Federal Agencies Say
No to Dam Breaching

by Greg Moore
Idaho Mountain Express, March 6, 2020

Citing costs, EIS picks more spill to help salmon

Ice Harbor Dam (aerial photo - Salmon Recovery) As generally expected, the three federal agencies that operate the Columbia River System have once again rejected breaching the four lower Snake River dams to benefit migrating salmon and steelhead, preferring instead to continue a program of increased spill over the dams that began last spring.

The agencies' decision was announced as the preferred alternative in an environmental impact statement, or EIS, on future operations of the 14 dams in the federal system released on Feb. 28 by the U.S. Army Corps of Engineers, the Bureau of Reclamation and the Bonneville Power Administration.

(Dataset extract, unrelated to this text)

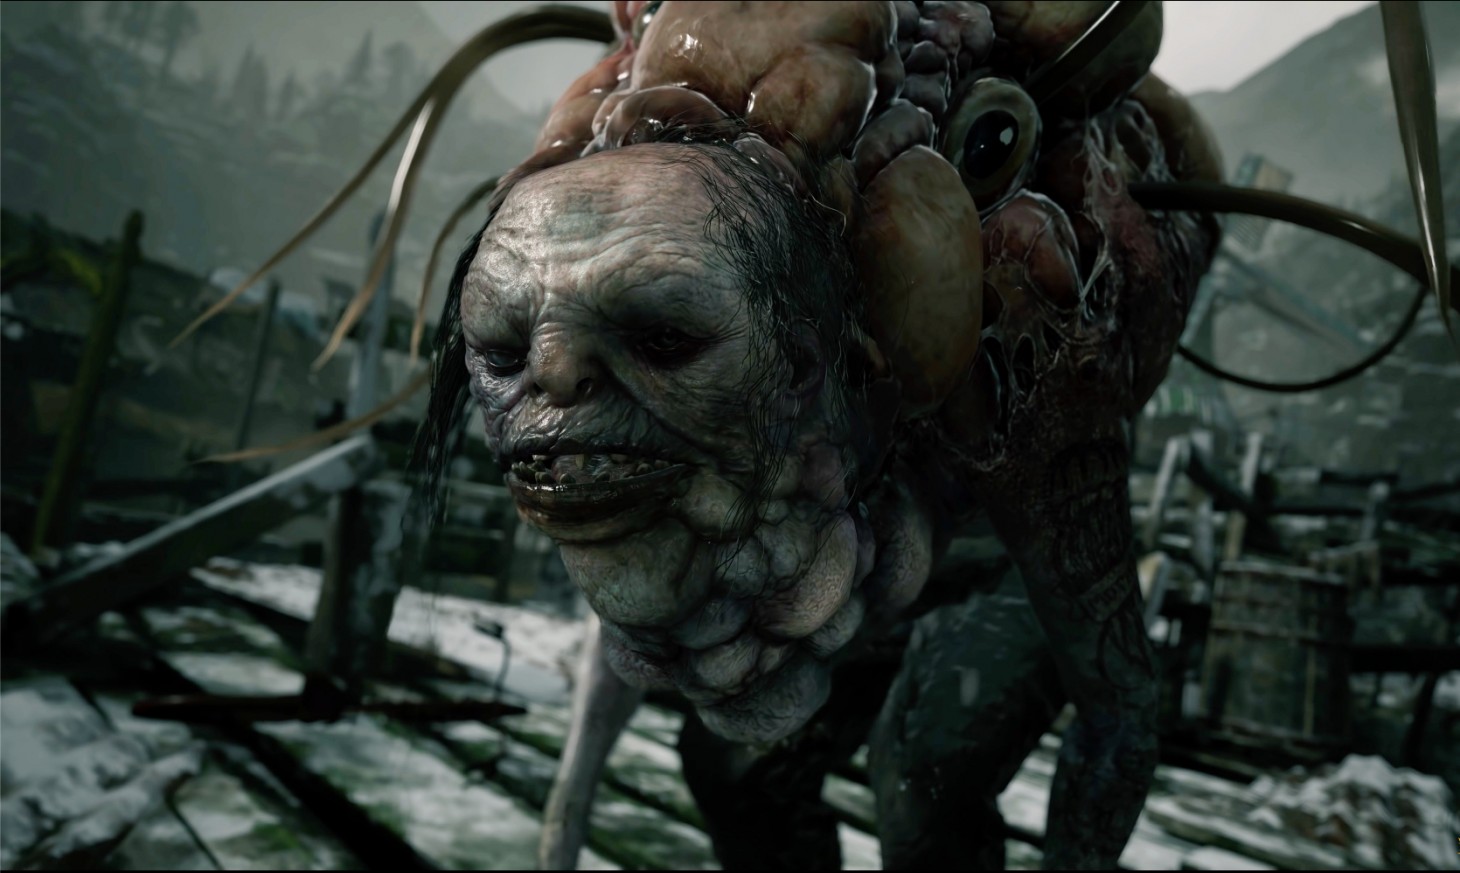 Resident Evil Village' DLC Is On The Way, Says Insider

The draft EIS was completed in response to a court order in May 2016 rejecting the agencies' 10-year operations plan due to its potential effects on the endangered fish.

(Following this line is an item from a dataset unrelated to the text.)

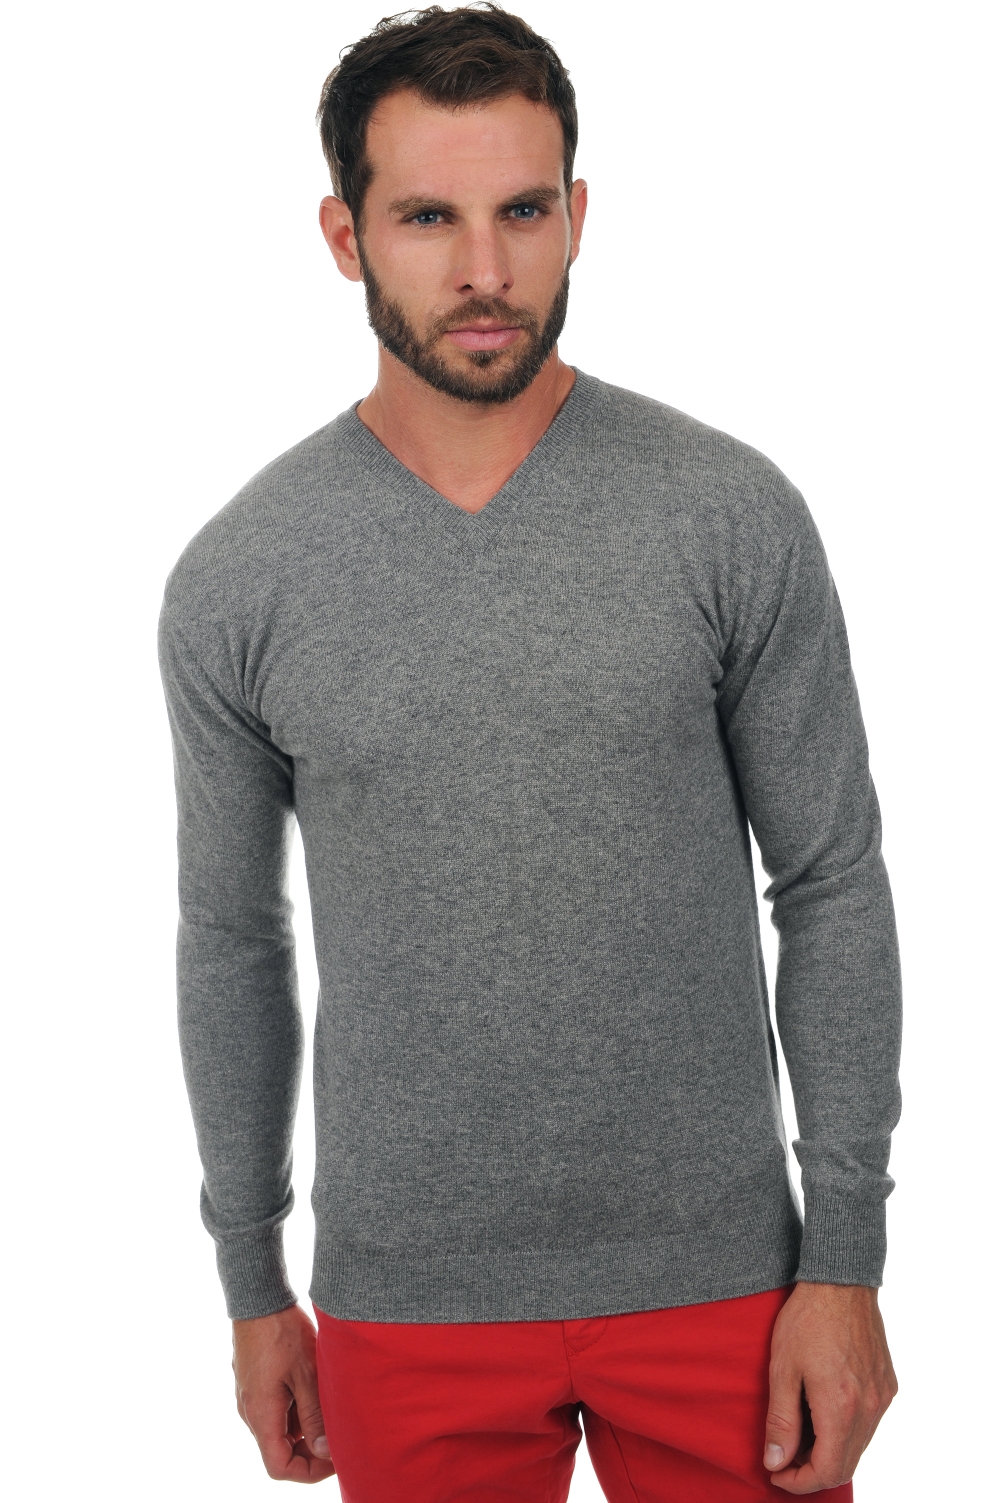 Cachemire pull homme maddox gris chine m

The three-year flexible spill operation releases more water through the dams for fish passage when power generation is less valuable and spills less when power generation is more valuable.

The fish swim as far as 900 miles upstream to Idaho to spawn in the upper Salmon and Middle Fork of the Salmon rivers and in Redfish Lake in the Sawtooth Valley. According to the EIS, the program is expected to increase adult return rates for Snake River Chinook by 35 percent and steelhead return rates by 28 percent.

However, conservationists said that won't be enough to save the salmon.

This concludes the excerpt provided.